Но мы не верили: Рукавицын был расчетлив.
– Не у тебя ж в общежитии. А если у Лиды? У них же квартира. Небось уже книжки свои у них расставил, а?
– Может, и так, – Рукавицын держался раскованно, как человек, который знает, что его «я» все равно немного загадка.
Рукавицын, разумеется, никаким испанцем не был. Выдумал он это лет в четырнадцать, но все еще иной раз дурачился ради девчонок – они любили его за такие глупости, у него получалось. «Где ваш такт, где воспитание ваше?..» – поучал он на улице какую-нибудь девчушку. В будущем мне привелось знать еще одного испанца, и он тоже оказался фальшивым – он тоже любил одеваться с иголочки и тоже приобрел американскую машину, правда более роскошную.

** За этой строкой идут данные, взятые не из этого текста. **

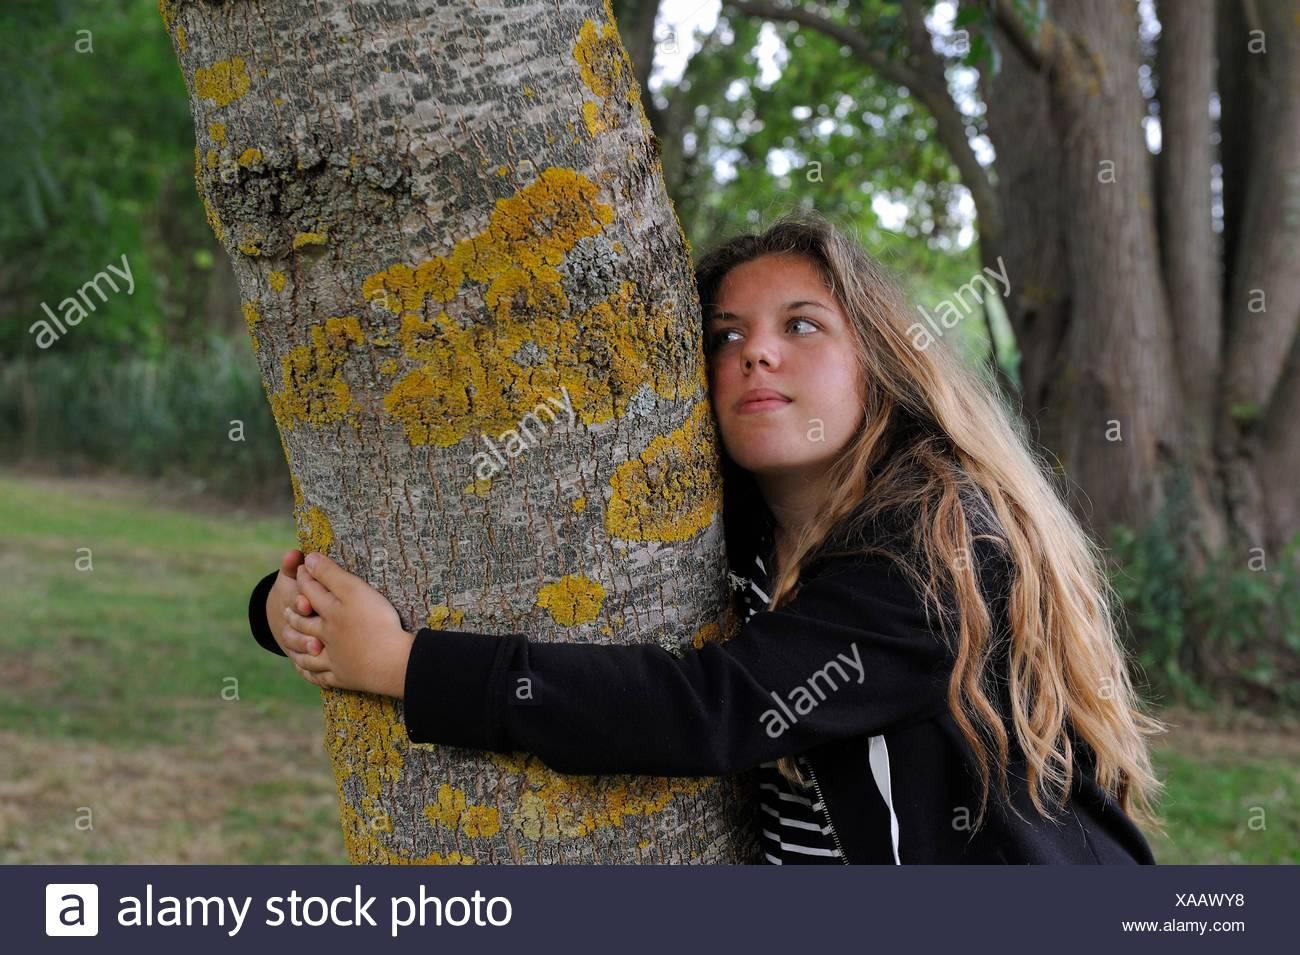 Jeune fille embrassant le tronc d'un frêne, France, Europe. Photo Stock

Однако наш Рукавицын был поумнее, не сорвался.
– Все же интересно, какой тещей окажется Анна Игнатьевна? Как думаешь?
– А пусть она сама думает! – Рукавицын будто бы прикрылся от нашего любопытства. Он сказал, что вообще не хочет думать о грустной толчее детских лет, – он закурил, еще раз сплюнул в угол. На косой параллельности солнечных лучей заплясал сигаретный дым, и мы помолчали немного, как бы дали пролететь теням давно умерших. Живым теням, которые нас любили. «Марина звонила», – протолкнул Рукавицын разговор дальше.
День так и отметился в памяти как день, когда от нас «уходил» Рукавицын. И это уходил уже второй (первым «ушел» Бышев), и ему повезло, потому что день был с солнцем и очень запоминающийся (день с сигаретным дымом на косых параллелях лучей). И, видно, день был действительно отмеченный, потому что в этот самый день Лапин сообщил, что с Сереженькой обошлось: милиция его больше не трогала, простили. Мы стали спрашивать, как и что.

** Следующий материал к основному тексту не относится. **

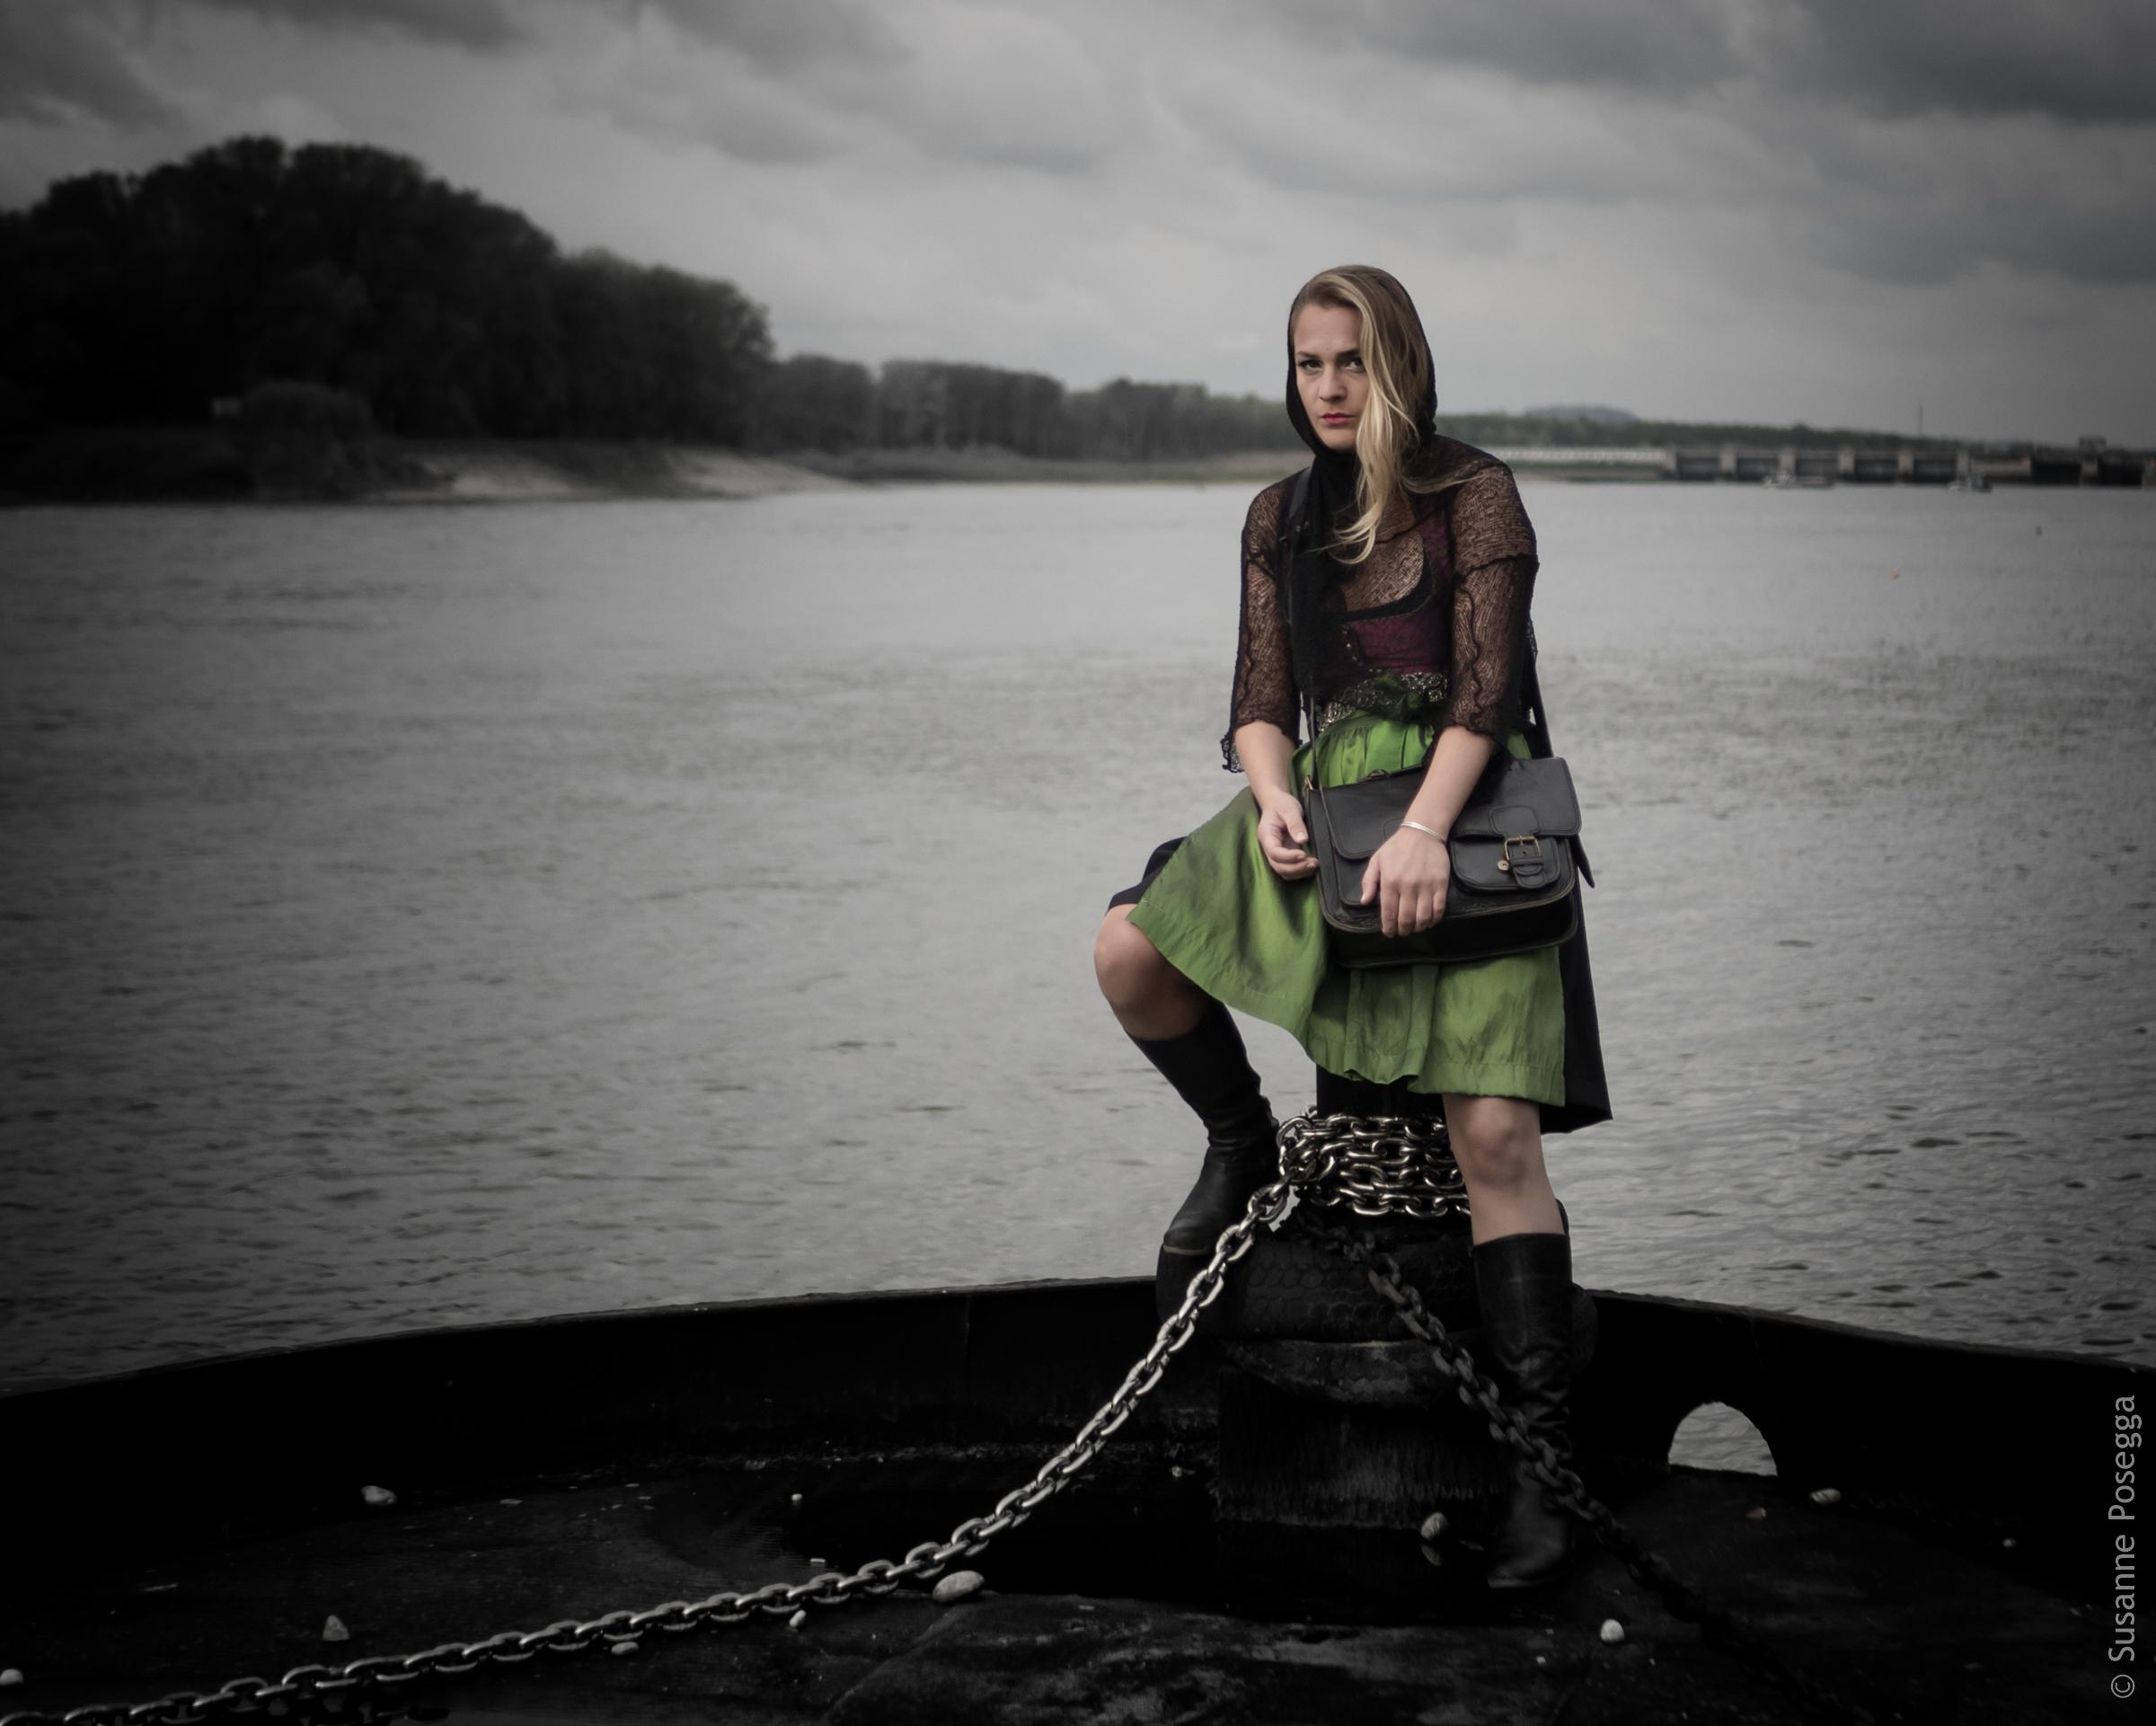 Model in Dirndl auf einem Schiff am Wasser. Düstere Stimmung im Hintergrund

– Обошлось, – Лапин неопределенно пожал плечами. Он был невесел, потому что состояние Сереженьки было все равно неважное. Мы это знали. Сереженька был как-то безжизнен и прибит после пережитого. Он кое-как числился на первом курсе, был слишком тих и ко всему безучастен. Если мы приходили к нему, звали куда-то, он говорил: «Нет», – и опять на все остальное, на любое – «Нет, нет», – и говорил безликим, тихим голосом. И даже в том, как он сидел, скажем, за тарелкой супа, уставившись в точку и не поднимая глаз, чувствовалась подавленность.
– Обошлось, ребятки, и прекрасно, что обошлось!.. Смотри, как совпали дни! – и Рукавицын (полуголый, после душа) с этакой мистической радостью рубил ладонью косые параллели желтых лучей.
А спор возник о том, где лучше быть Сереженьке в его теперешнем состоянии. Две краски смешались: тень Сереженькиной беды и веселая краска «уходящего» Рукавицына, – это дало некий третий, неровный оттенок разговору. Именно оттенок. А спора, может быть, и не было. Лапин хотел взять Сереженьку к себе или опять к той тихой старушке (то есть никакого ученья, никакого университета, пусть отдышится).
– Зачем? – так и вскинулся Рукавицын. – Зачем?
– Лучше будет.
– Ты, значит, обжегся? А теперь даже на воду дуть будешь?
Я поддержал Рукавицына:
– Дай пожить Сереженьке. Дай ему, Юра, пожить самому. Иначе он никогда не научится.
Мы жили одновременно и в своих общежитиях, и у Лапина – большей частью (по времени) у Лапина. Так оно шло. Но, живя у Лапина, мы «пробовали» свою жизнь, постепенно отходя от него. А Сереженька не уживался нигде. Ни зацепки не имел, ни хоть средненького контакта. И понятно, что особенно Рукавицын, готовый к «уходу», очень остро чувствовал, что нельзя Сереженьке замыкаться в каких-то тихих стенах.